Secrets of Pompeii and Herculaneum to go on display in new British Museum exhibition

By Travelmail Reporter


There is nothing quite like the eeriness experienced as you wander through the ruins of Pompeii.

But the vibrancy of this once busy city, wiped out by the eruption of Mount Vesuvius in 79 AD, will be brought to life in a new exhibition in London next year.

Dozens of objects recovered from Pompeii and Herculaneum, which also perished in the eruption, will go on show outside Italy for the first time at the British Museum in March.

A fragment of a wall painting shows a man reclining to drink

Raising a glass: A fragment of a wall painting shows a man reclining to drink

The show will feature objects found in the ruins of the two cities including jewellery, carbonised food and a baby's crib that still rocks on its curved runners.

Curator Paul Roberts said the 250 objects would illustrate the domestic lives of the population and show the 'different halves of this amazing story'.

He said: 'These are not extraordinary cities, they die in an extraordinary way, but they are ordinary cities in Roman terms.

A gold bracelet in the form of a coiled snake Intricate: A gold bracelet in the form of a coiled snake shows the wealth of some of Pompeii's inhabitants

A carbonised wooden cradle

Poignant: A carbonised wooden cradle from a house in Herculaneum still rocks on its curved runners

'That's why they are so important because we can look at them and say we have a pretty good idea what was going on in other Roman cities.'

Mr Roberts said the 400 to 500C volcanic avalanche that buried Herculaneum had preserved many objects including furniture and food.
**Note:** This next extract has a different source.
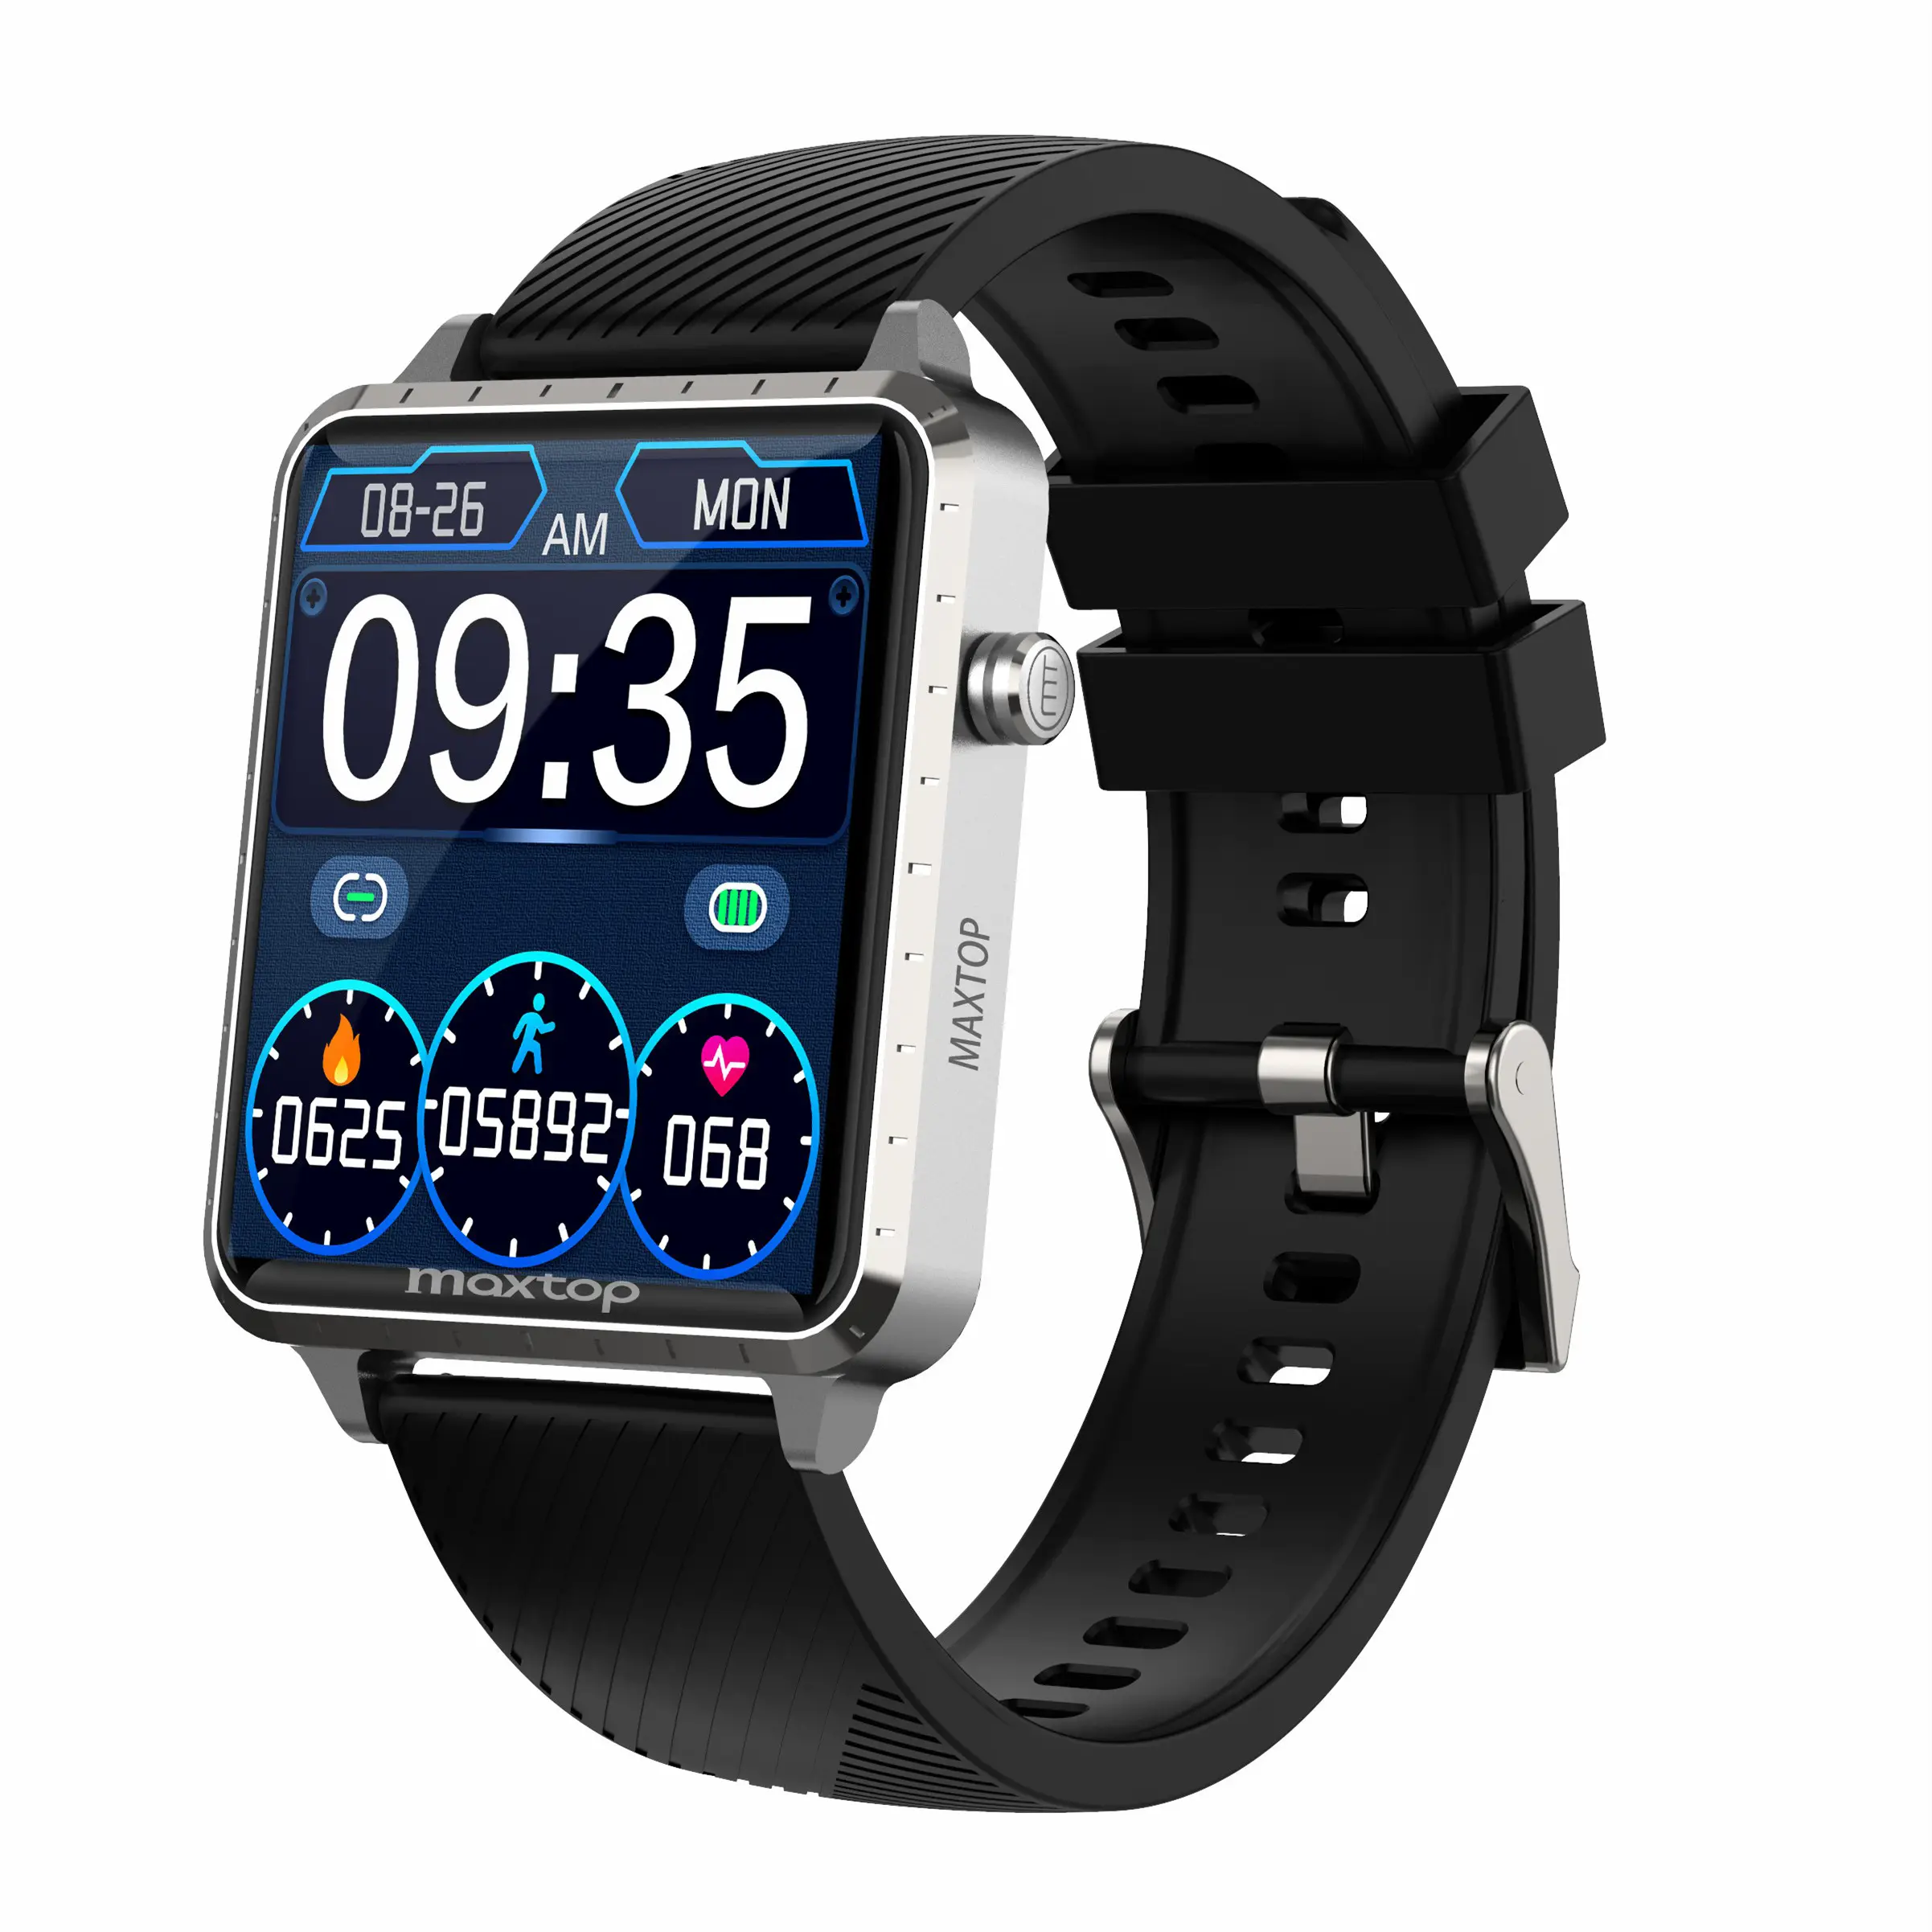 Maxtop Amazon vendita calda Smart Watch T5 Full Touch Screen cronometro meteo Monitor della pressione sanguigna Smart Watch per IOS Android
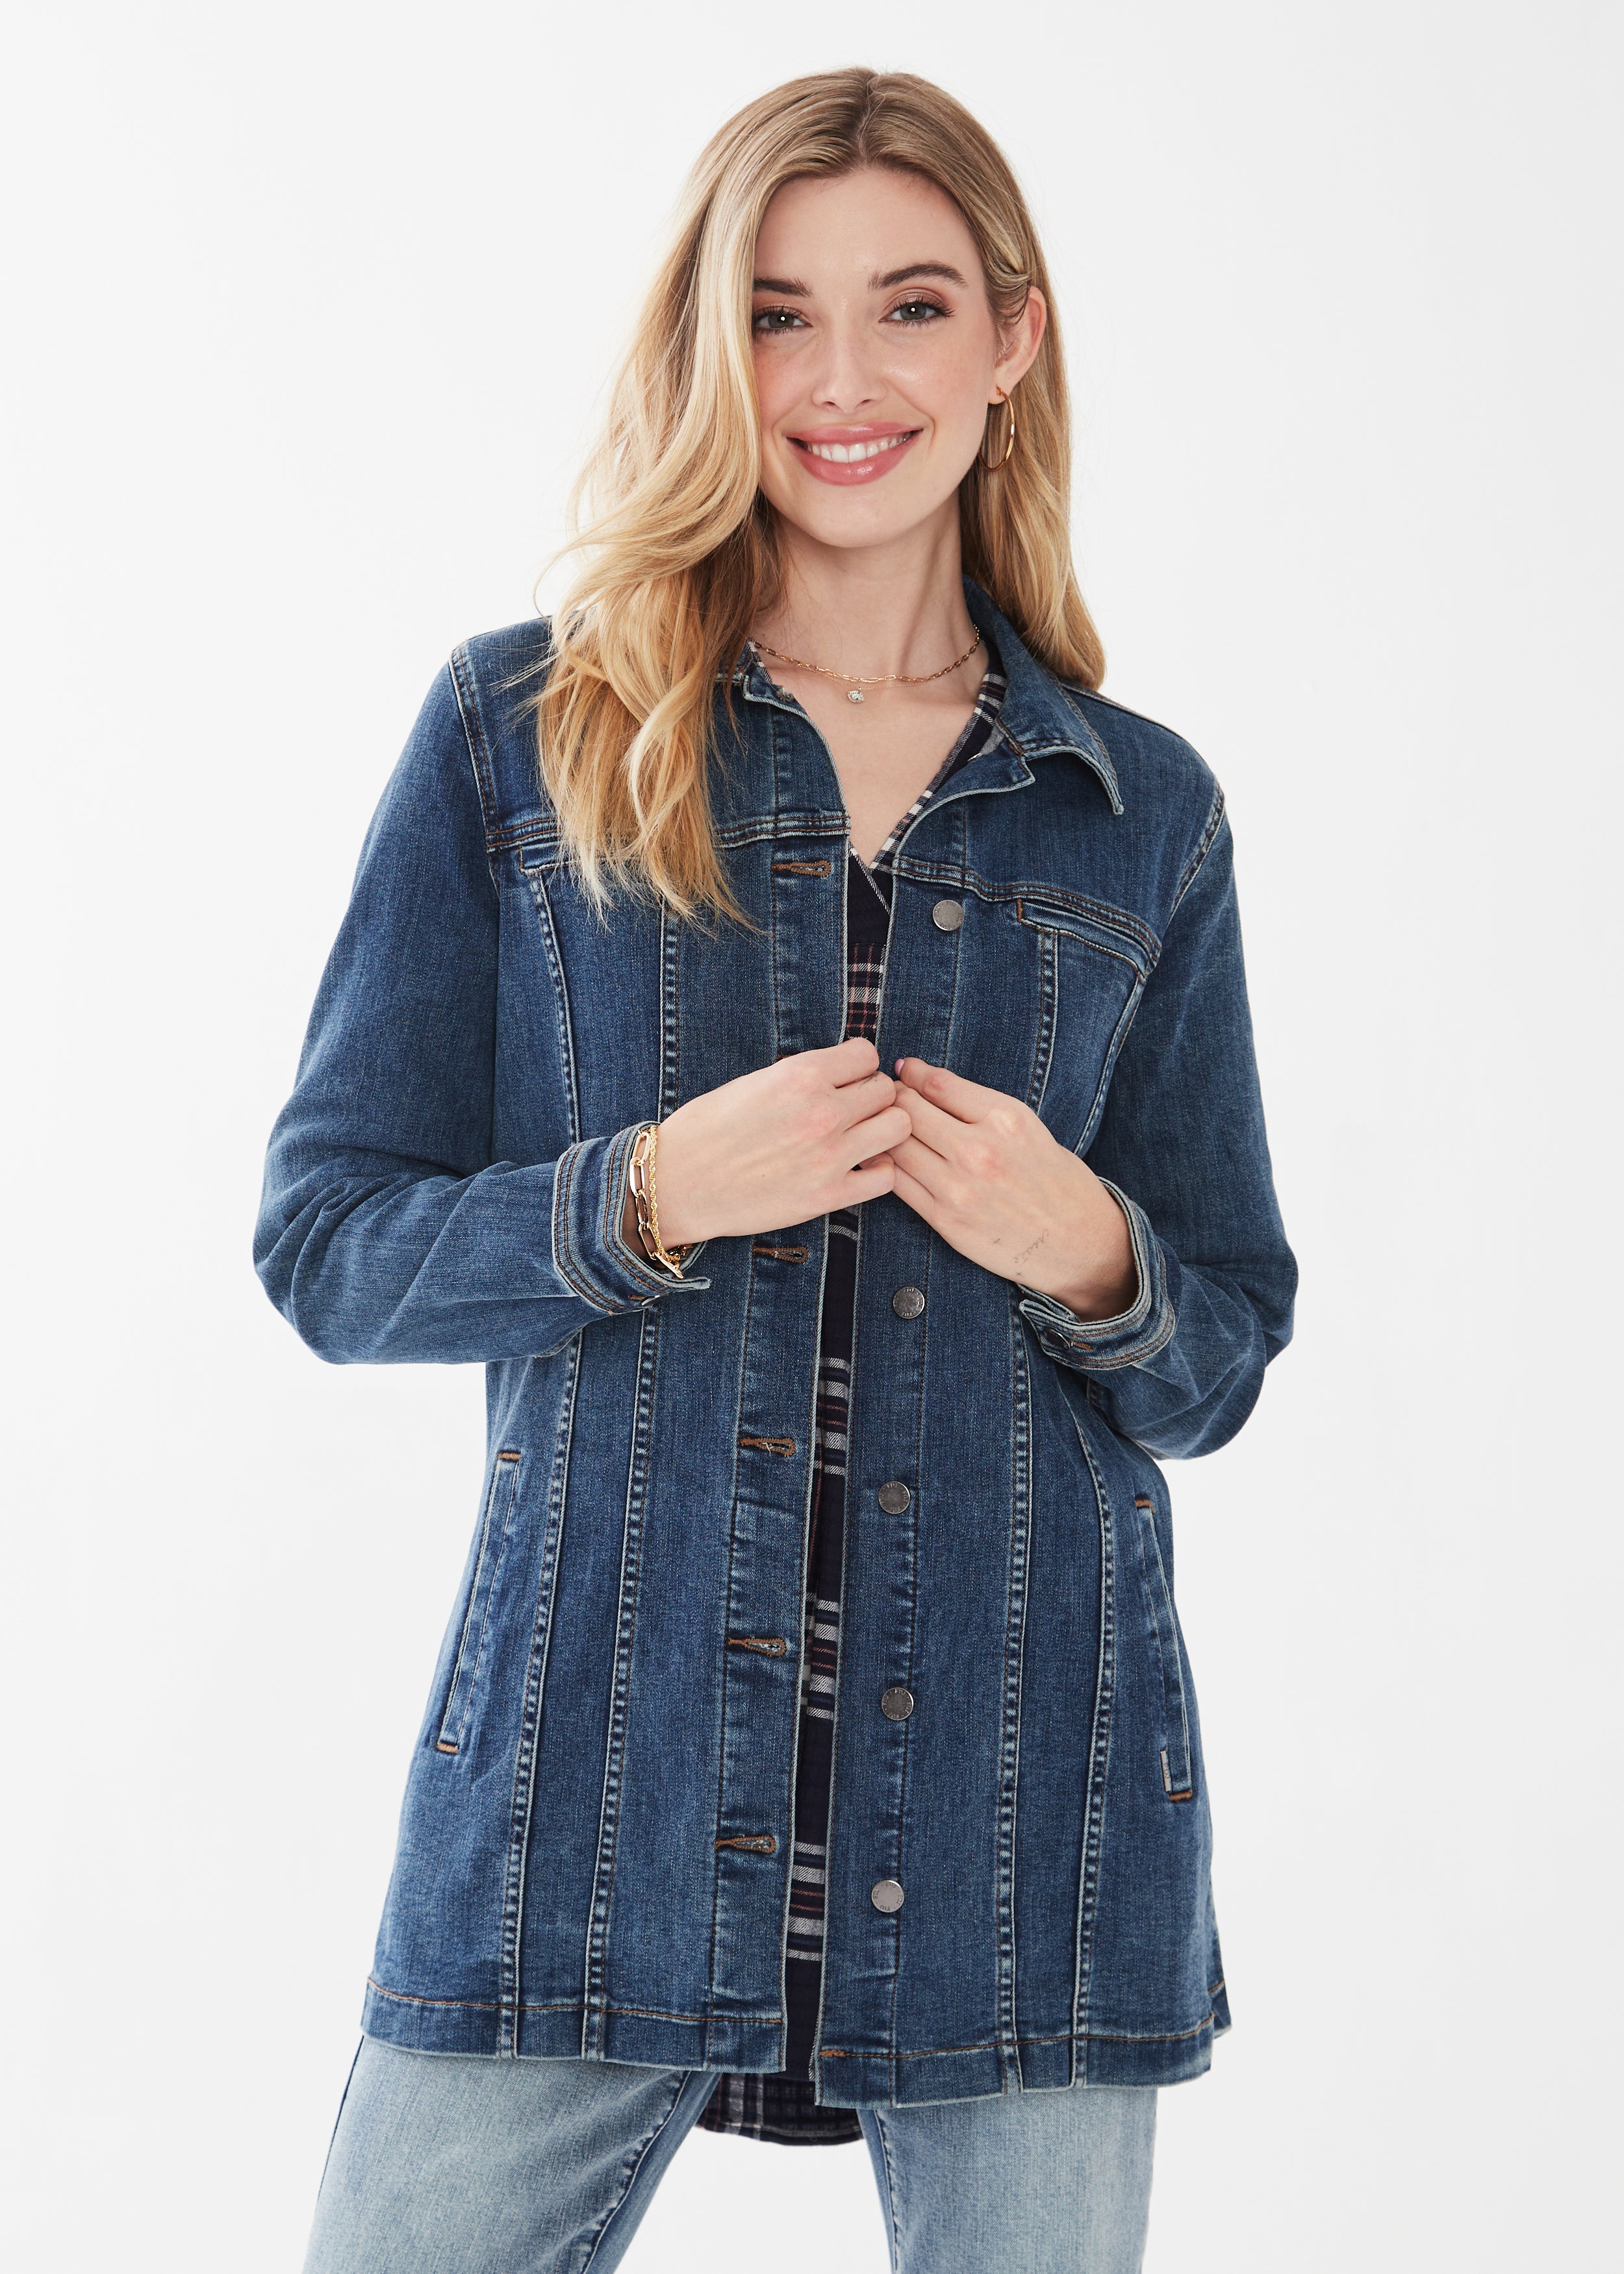 Earl Jeans Denim Jacket Womens XL As Seen on Gilmore Girls Long Sleeve Blue  | eBay

He said: 'It was buried in a different way from Pompeii and the effect of that as this cloud of superheated gas and debris swirled around the houses of Herculaneum it carbonised, it turned into charcoal wood, leather and even food.'

A wall painting of the baker Terentius Neo and his wife, from the House of Terentius Neo, Pompeii, AD 50-79
A plaster cast of a dog, from the House of Orpheus

Face to face with history: A wall painting of the baker Terentius Neo and his wife (left) and a plaster cast of a dog will be on display

Six pieces of carbonised furniture, including the crib, will be lent to the British Museum in what Mr Roberts said was 'a world first'.

He said there would also be 'a loaf of bread that was put in the oven in AD79 and came out in the 1930s' complete with the name stamp of the slave who baked it.

Other exhibits include peppercorns rescued from the drains, carbonised figs, a lamp and wall paintings.

Ruins of Pompeii

Blast from the past: Pompeii was hit by the eruption of Mount Vesuvius in AD79

Also on show will be the body casts of six people, including a family of two adults and two children who died huddled together under the steps of their villa, and a pet dog.

Mr Roberts said: 'The exhibition isn't about death, you had to have the death of the cities in order to bring them to life again, but the exhibition is all about the life of these people.'


The show is a collaboration with the Archaeological Superintendency of Naples and Pompeii, which is responsible for the remains of the two cities.

The exhibition runs from March 28 to September 29 next year at the London museum.